What’s the fucking attraction? Not necessarily De Palma; it’s his show, but he’s as much the ringmaster for its compulsively entertaining components, letting them perform for him as well as us. (He’s more in command of the masterly The Untouchables, four years later.) A short list includes: Its voluptuous “Miami” look, anticipating Miami Vice by a year; Giorgio Moroder’s brooding, last call at the disco score; and Oliver Stone’s screenplay, his tangiest outside of his own Salvador (1986). (Criticized for excess, when stacked up against the real-life horrors of the drug trade it seems positively timid; its use as a touchstone in 1991’s New Jack City suggests its impact outside the movies.) Mostly, though, it’s its cast. Sure, Al Pacino, saying to hell with Corleone restraint and running amuck, a warts-and-nothing-else performance that is dubiously iconic. (The discipline returned in De Palma’s underrated Carlito’s Way in 1993.) But really a gallery of wonderful actors chomping into red meat and letting the juice run out all over the screen for three hours–Robert Loggia (outstanding), F. Murray Abraham, Paul Shenar, and, oozing corruption, Harris Yulin (“Every day above ground is a good day.”) Making a scorched earth impression is a hard-as-brass Michelle Pfeiffer, simply breathtaking–and, for all her cynicism, the one character who sees through the false values (“I have Nick, the Pig, for a friend!”) and the one survivor. Maybe De Palma and Stone were afraid to bump her off. (I like to imagine her Elvira, 30 years later, holding forth on a Real Housewives show.)
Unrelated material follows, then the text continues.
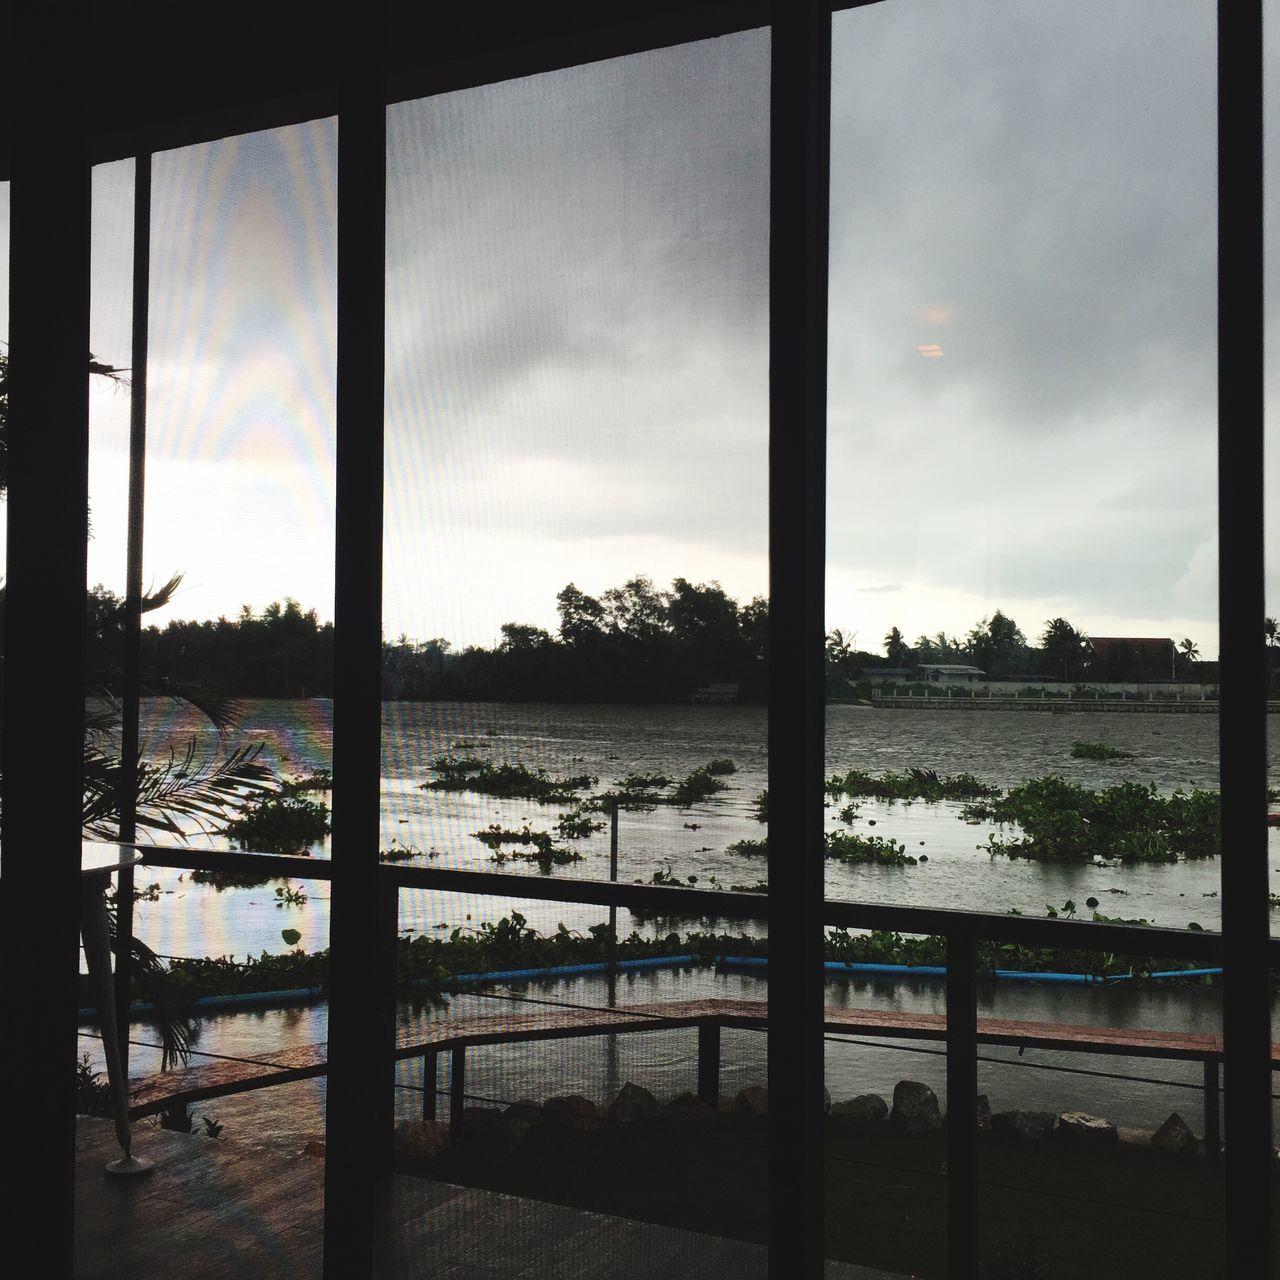 Rainy See View River Samutsongkram Thailand Thegrace Resort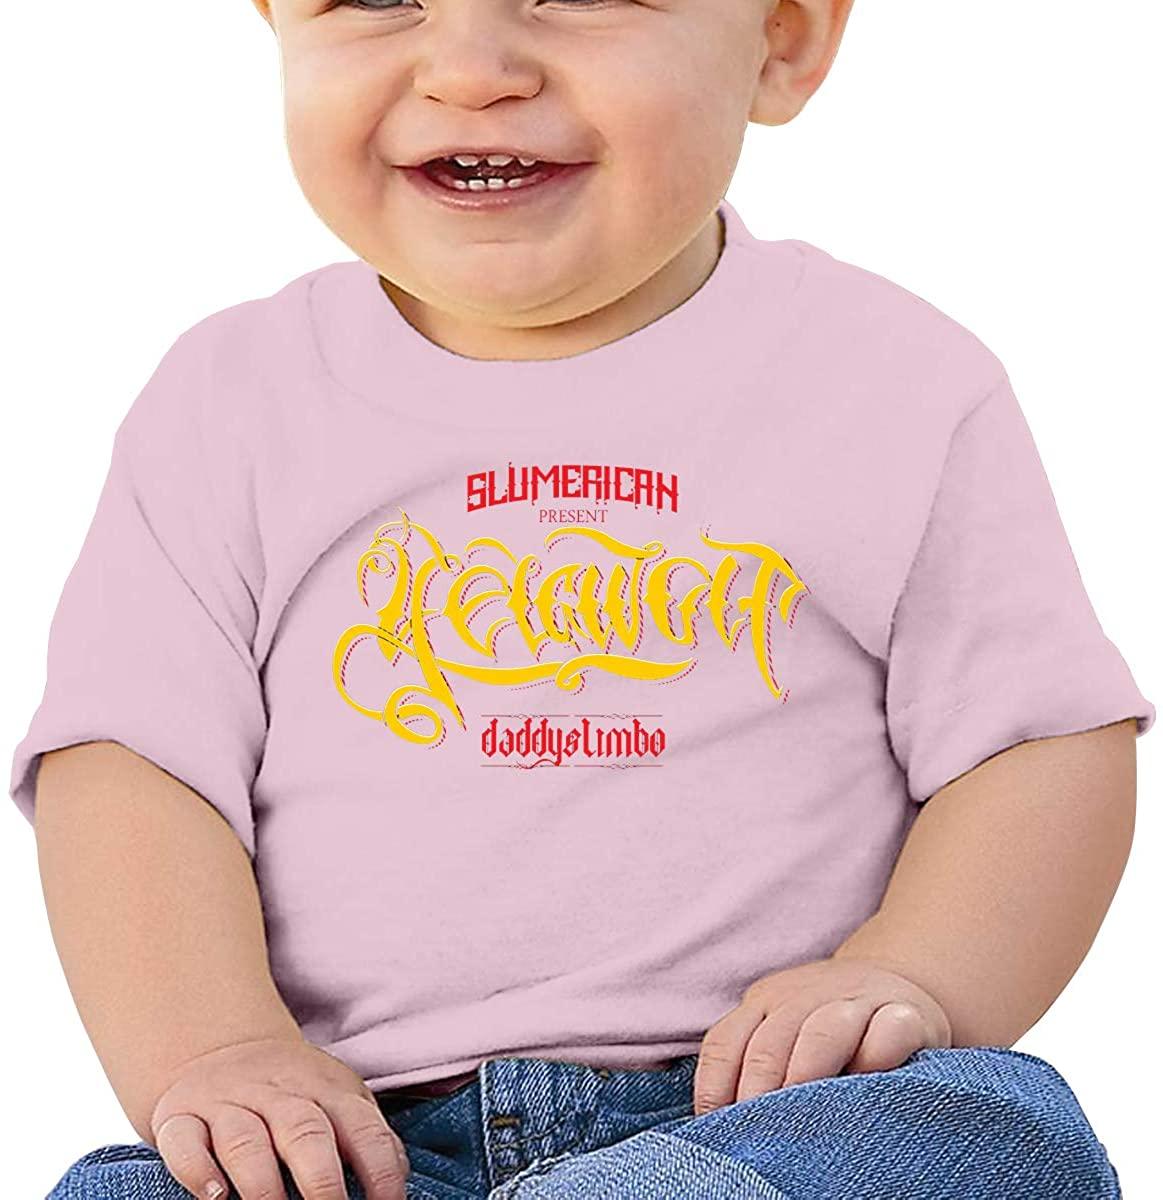 6-24 Months Boy and Girl Baby Short Sleeve T-Shirt Yelawolf Original Minimalist Style Pink

With this Limited Steelbook Edition of Scarface on my shelf has my search for the perfect version ended? In a way, yes–it collects the supplements from a 20th anniversary DVD (including, on a separate DVD, the Howard Hawks original, still in standard def, which needs to be sprung from its captivity and released on its own) and adds a few more, notably an interesting picture-and-picture feature exploring various facets of the movie and a “ScarfaceScoreboard” totaling the number of “fucks” and bullets (“Can’t you stop saying ‘fuck’ all the time?”). In a way, no–the image quality (1080p/VC-1; 2.35:1 aspect ratio) is inconsistent, with strong daylight passages giving way to weaker nighttime segments and a barrage of edge enhancement and other ills occasionally interfering. It’s serviceable, and a cut above the DVD, if not the quantum leap I expected.
A postscript. De Palma turned 70 on Sept. 11. I interviewed him about Redacted (2007), a collage picture for the web era, for Cineaste magazine. He was clad in his usual safari jacket and, as I figured, wasn’t a smiler or a laugher. He was, however, open about all the water under the bridge in his career, which following Scarface saw great success (The Untouchables, Mission: Impossible) and devastating lows (The Bonfire of the Vanities). Spielberg has two movies coming out at Christmas; surely De Palma has a few shocks to our systems left in him.